Face Challenges Confidently

126 Siegert v. Seneca Resources

Tuesday, September 8th, 2015

Richard F. Brown

 
The following is not a legal opinion. You should consult your attorney if the case may be of significance to you.
 
Siegert v. Seneca Resources Corp., 28 S.W.3d 680 (Tex. App.–Corpus Christi 2000, n.pet.h.), considers whether a severed mineral estate is subject to the doctrine of accretion. A tract of land along the Brazos River was described in a 1932 deed severing the minerals as containing 100 acres. A 1955 survey showed that the tract contained 181 acres.
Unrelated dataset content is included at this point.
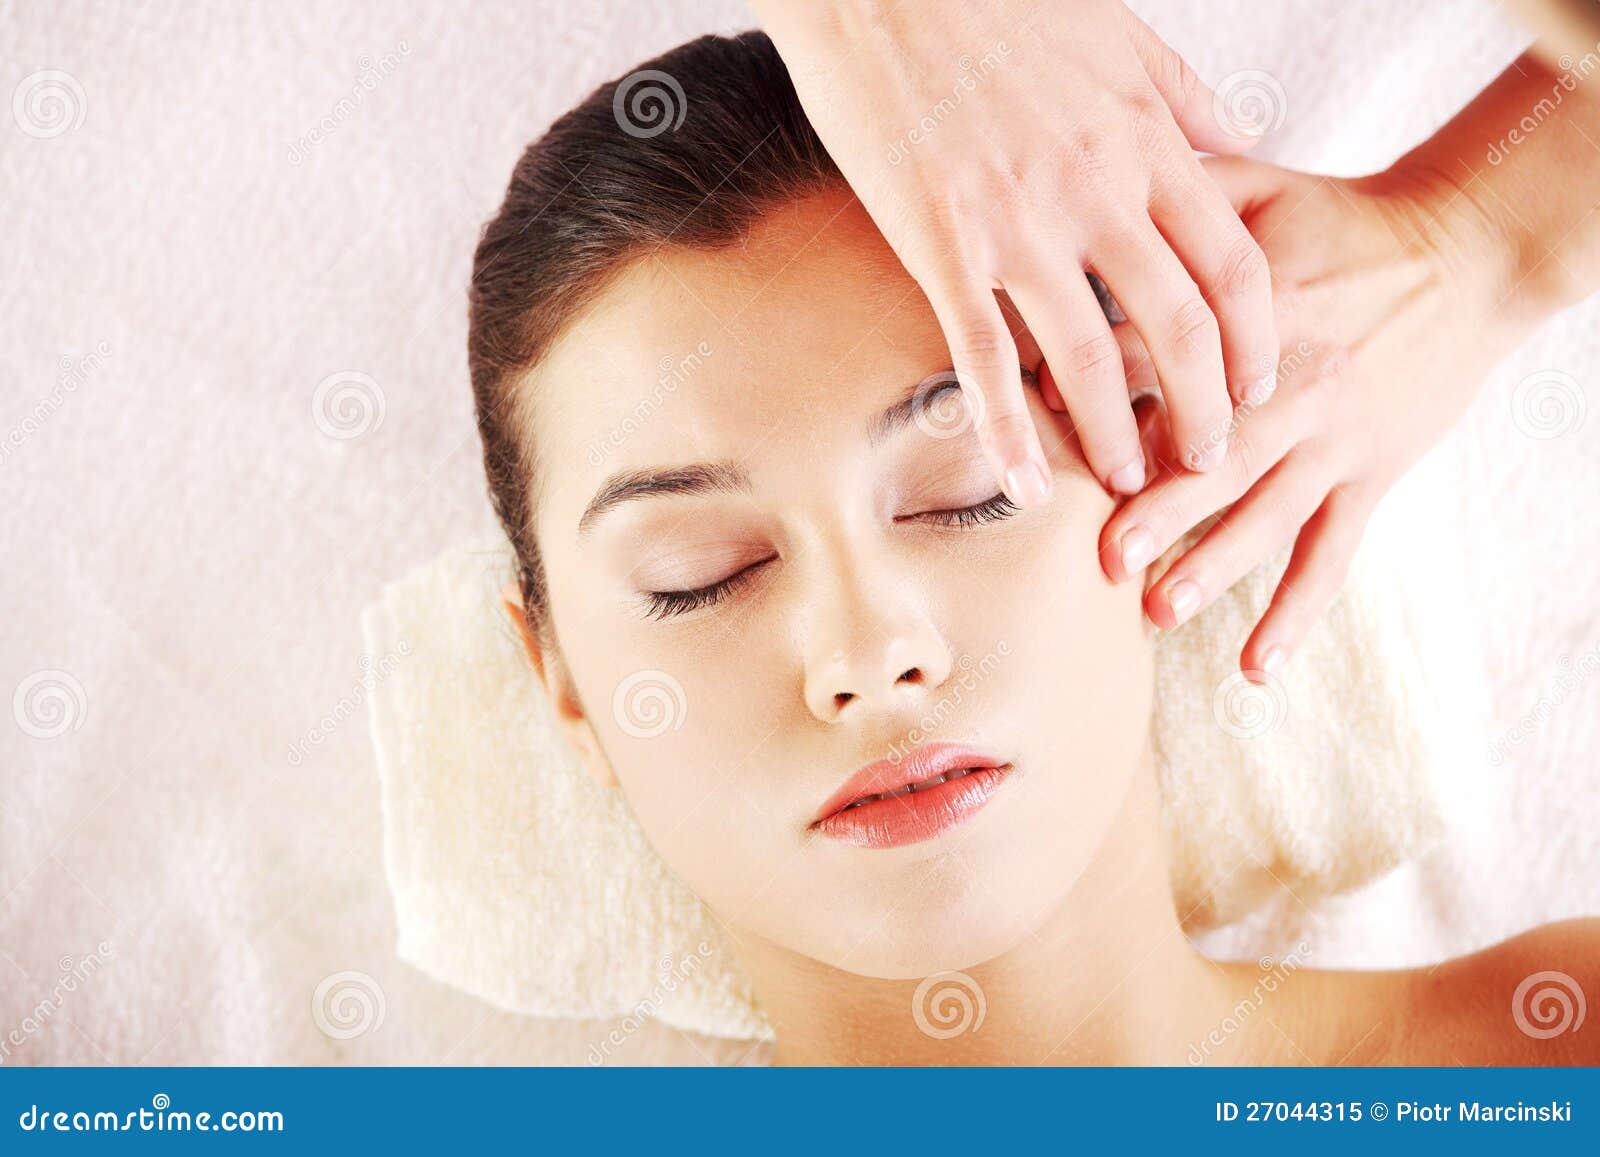 Relaxed Woman Enjoy Receiving Face Massage Stock Image Image Of

Siegert contended that the increase was due to accretion and that the doctrine of accretion is not applicable to severed minerals.
 
Under the doctrine of accretion, an owner of riparian land gains title to increases in his property caused by natural forces. The Siegerts claimed that the 1932 deed could only have reserved a mineral interest to the original 100 acre tract that was described in the deed. Following the Austin Court of Appeals in Ely v. Briley, the Corpus Christi Court of Appeals held that the doctrine of accretion applies to surface estates as well as mineral estates, and that a severed riparian mineral interest is subject to accretion just as a surface estate is subject to accretion. To hold otherwise would create claims to slivers or strips of small mineral interests along river edges that would not appear in title searches, and would be virtually impossible to administer or litigate. The court also held that there should be no difference between the mineral rights in unsevered riparian mineral interests and severed riparian mineral interests.